GOP positioned to press agenda in 2005 session

Sunday, January 2, 2005

JEFFERSON CITY, Mo. -- Starting this week Missouri Republicans will be in the driver's seat of state government. They will also be in the hot seat.

Having controlled the state Senate for the last four years and both legislative chambers for the last two, the GOP has wielded tremendous influence on the policy agenda. The missing component, of course, was a Republican governor.

In different ways this turned out to be both a curse and a blessing. Although Republicans were unable to get cherished priorities such as an overhaul of Missouri's civil litigation system past Democratic Gov. Bob Holden's veto, they were also able to deflect public criticism of the state's budget problems on to the man in charge, even though they too shared the burden for addressing the situation.

With Republican governor-elect Matt Blunt taking office Jan. 10 and friendly majorities in both legislative chambers, the full weight of policy decisions -- including the blame should those decisions prove unpopular -- will fall squarely on the GOP.

State senator-elect Jason Crowell, R-Cape Girardeau, said more will be accomplished since the legislative and executive branches will be philosophically in tune.

"It is going to be very, very refreshing to have an executive who wants to be partners with the General Assembly," Crowell said.

The 2005 legislative session, which begins Wednesday, will mark the first since 1921 in which Republicans control both the governor's office and the legislature. Having made strong legislative gains during November's elections, the GOP will hold a 97-66 advantage over Democrats in the House of Representatives and a 23-11 majority in the Senate.

Although Southeast Missouri will lose a legislative leader when lieutenant govenor-elect Peter Kinder, R-Cape Girardeau, steps down as Senate president pro tem, it will gain one with the expected election of state Rep. Rod Jetton, R-Marble Hill, as House speaker.

Out of the gate, the legislature is expected to move quickly on a pro-business agenda, many aspects of which Holden thwarted as special interest giveaways.

Having helped elect Blunt, business groups anticipate the new governor will be receptive to proposals aimed at reducing civil lawsuits, tightening the workers' compensation system and lessening government regulation of private enterprise.

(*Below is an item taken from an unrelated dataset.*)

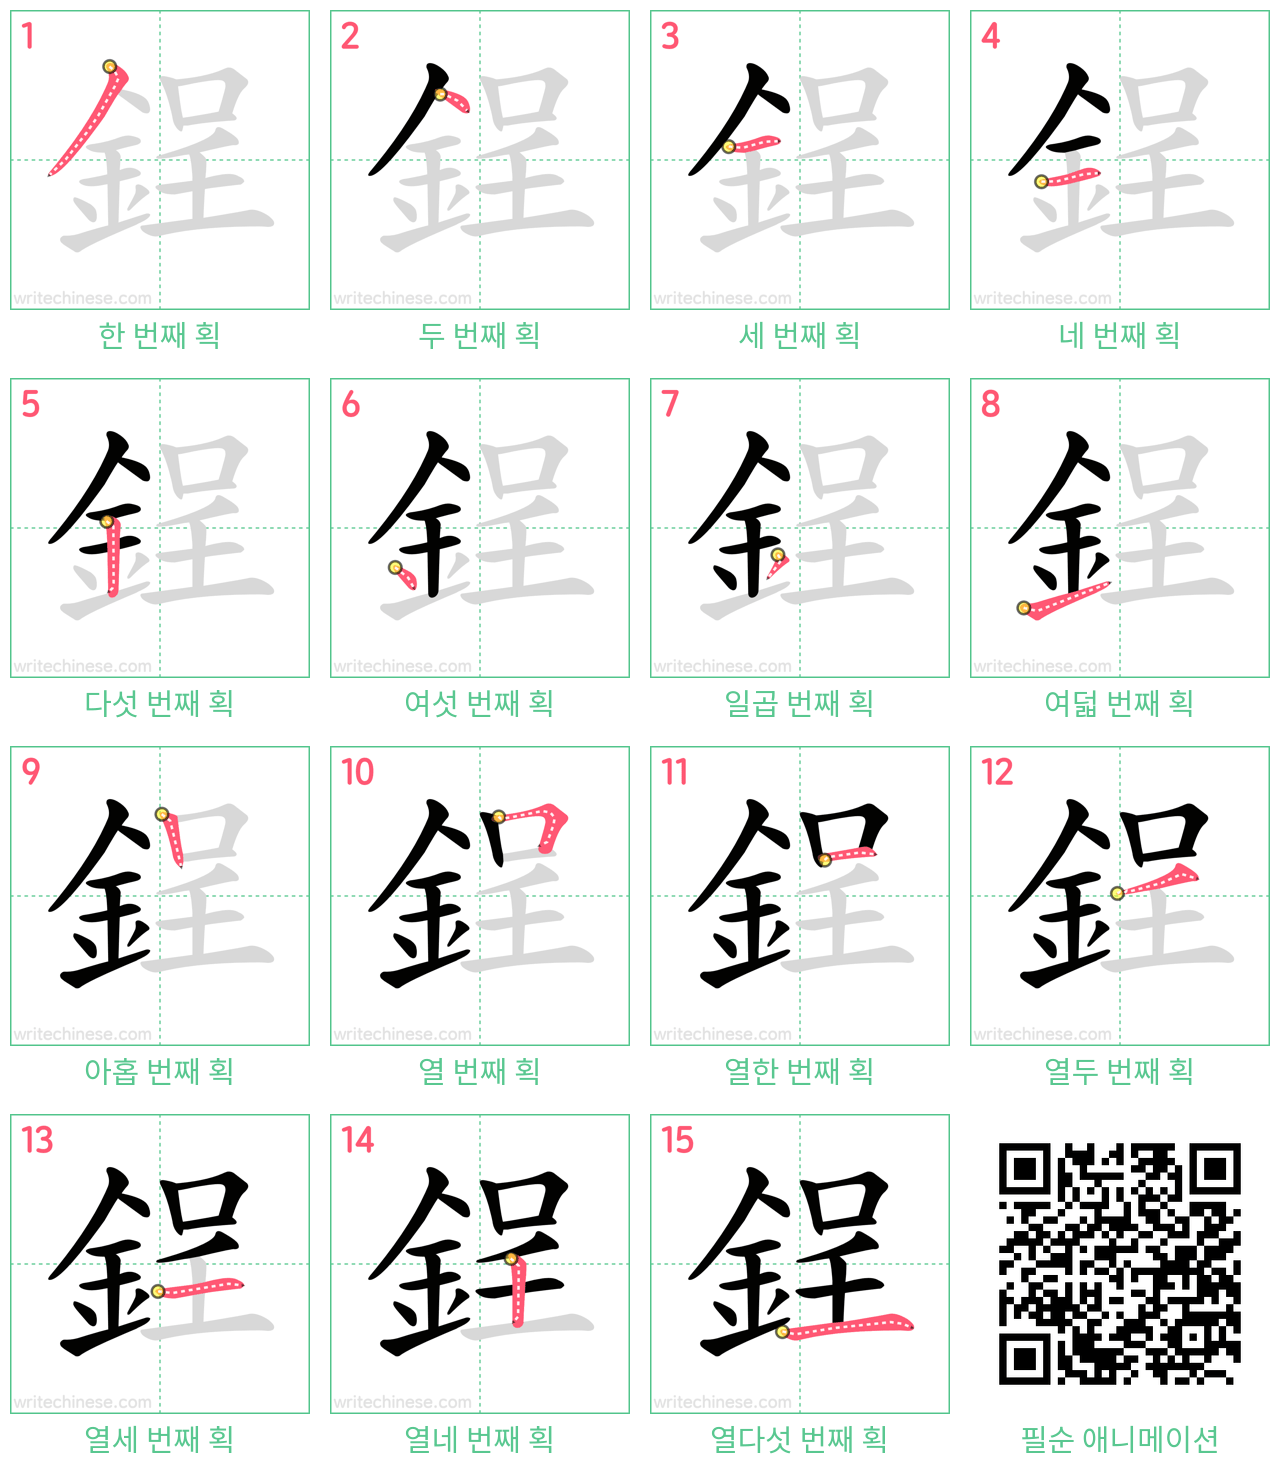 鋥 step-by-step stroke order diagrams

Gary Marble, president of Associated Industries of Missouri, said the lack of action on these issues has hurt the state's business climate.

"With the changes in the legislature and in the governor's office, this is the first time there has been a shot at real reform in more than 40 years," Marble said.

Since civil litigation reform cleared the legislature in each of the last two years only to fall to Holden's veto, that issue in particular could make rapid progress this year.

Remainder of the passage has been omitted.